После того, как 2012 году к власти вернулся Путин в компании с Мединским, и ФСБ, прикрываясь улюлюкающей советской интеллигенцией, которая ненавидела нас едва ли не сильнее, чем РПЦ с ФСБ вместе взятые, начали мочить всё, что более-менее имело отношение к современному искусству, да и вообще к свободе высказывания, мне показалось, что в России всё закончилось, и я перевёл все свои дела в Германию. Но тем не менее какие-то хорошие и знаковые проекты у меня там остались, и, пока есть возможность работать в России, я это делаю. А в Германии мои десять лет опыта работы в русской культурной среде оказались более чем полезны, я смог конвертировать этот багаж максимально, как мне кажется. И поэтому, отвечая на ваш вопрос о том, можно ли уехать откуда-либо окончательно, — я не уверен, что это нужно. В конце концов, на художественном рынке мы предлагаем свою инакость, а не способность сливаться с пейзажем.

Аросев. К вопросу о пейзаже. Иногда (а то и зачастую), как показывает опыт, пейзажа вообще не существует: кроме названия улицы за окном и вывесок на магазинах (и то не на всех), человека в Германии с Германией не связывает ничего — во многих городах существуют «маленькие Турции», «маленькие России», «маленькие Сирии» и прочие, где приезжий себя ощущает почти как «дома». Одних эмигрантов это радует, другие равнодушны, третьи в подобных случаях нервничают. Лично я однозначно из третьих, я стараюсь — успешно! — таких ситуаций в своём быту избегать, потому что я, покидая Россию, уезжал всё-таки в Германию и не собирался приезжать в «Россию под другим флагом», и поэтому мне сложно представить себя в похожих условиях. Мне вполне хватает русскоязычной работы и русскоязычной же деятельности — лекций, выступлений, издания вот этого журнала. Но кто его знает, как и о чём бы я писал, если бы вокруг меня и чисто осязаемо, то есть на соседней улице, была бы «Россия» — какой-нибудь универсам «Московский», ресторан «Шик», кафе «Лисья нора» и книжный магазин «Контрабас». Настроение, предположительно, было бы совсем другим. Вы пишете музыку, вещь, совершенно для меня восхитительную и непостижимую. Играет ли роль для вашей авторской, не кураторской работы пейзаж за окном — привычный ли это Берлин, Пермь, Лондон или вообще Паттайя, где вы можете оказаться на отдыхе?
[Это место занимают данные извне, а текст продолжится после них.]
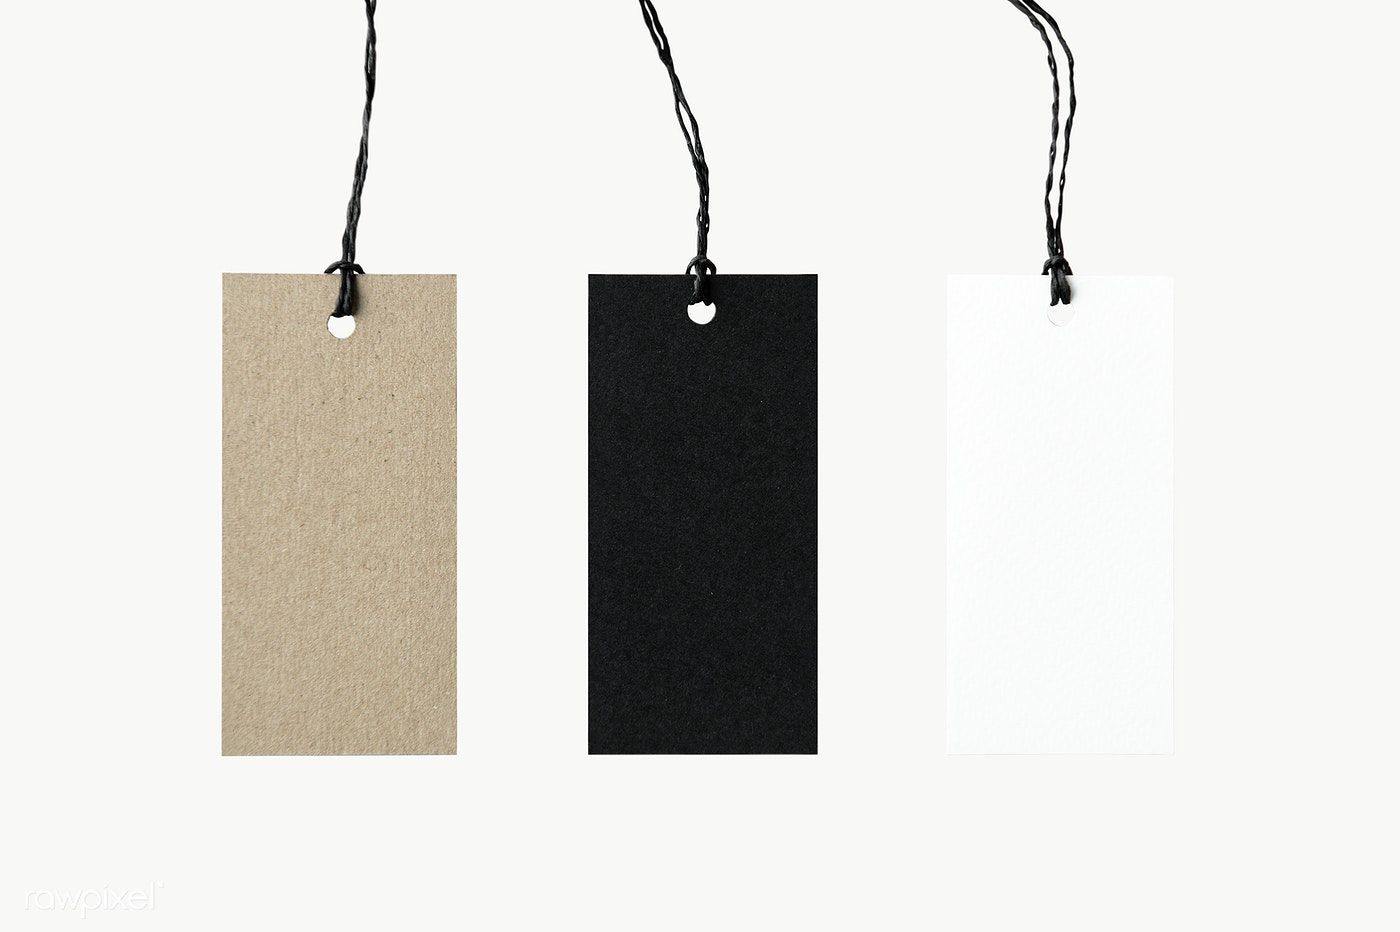 Paper Tag Mockup Premium Image By Rawpixel Com Nam Paper Tags Mockup Handmade Tags

Невский. Насчёт Паттайи не знаю, я никогда не был в Азии (кроме Новосибирска, если его можно назвать Азией), а так — конечно. У меня были длинные, от трёх месяцев до полугода резиденции — в Париже, в итальянской деревне под Римом и в Пасифик Палисейдс, на окраине Лос-Анджелеса, и, находясь там, я чувствовал, как моё восприятие мира и способ написания музыки, чувствительность к звуку и времени меняются.
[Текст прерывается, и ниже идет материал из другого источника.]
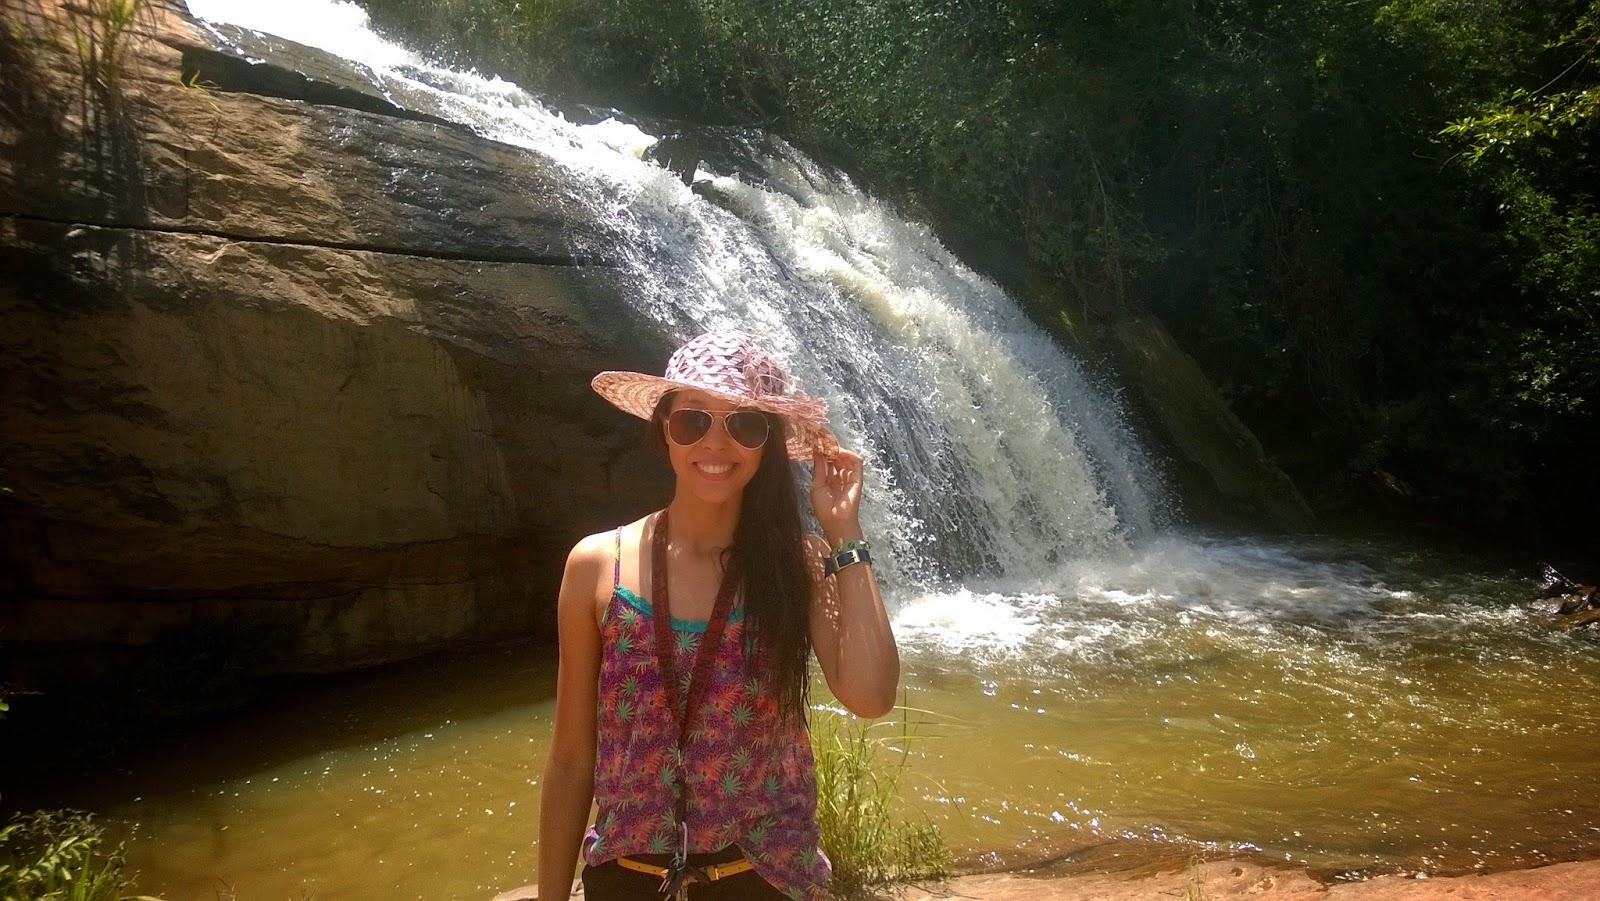 Passeio por Rio Manso

Когда вы каждый день смотрите на горный ландшафт с океаном или в двор-колодец, вы пишете по-разному. Когда я работаю и долго нахожусь в поездках в незнакомых городах, то, чтобы сориентироваться, я обычно смотрю, где находится ближайший парк и начинаю там пробежку по утрам. Так, на тактильном уровне и происходит приятие незнакомого пейзажа. В Бирмингеме я бегал вдоль каналов, которые проложили там в девятнадцатом веке для перевозки грузов, Во Львове — в Парке имени Франко, в Перми — по набережной Камы, а в Новосибирске — в заброшенном сквере прямо напротив здания ЗАКС среди очень красивых высотных зданий. Программа в моём телефоне всё это запоминает, и я, прокручивая назад, часто смотрю, где именно я бегал в Трире или в Венеции (там можно бегать!). Насколько я знаю, вы тоже очень много путешествуете. Не знаю, как у вас, но мне кажется, что частые путешествия избавляют от снобизма. Ну или хотя бы от обобщений или страхов, с ними связанных. И чем больше мы видим, тем более индивидуальны наши оценки отдельных мест.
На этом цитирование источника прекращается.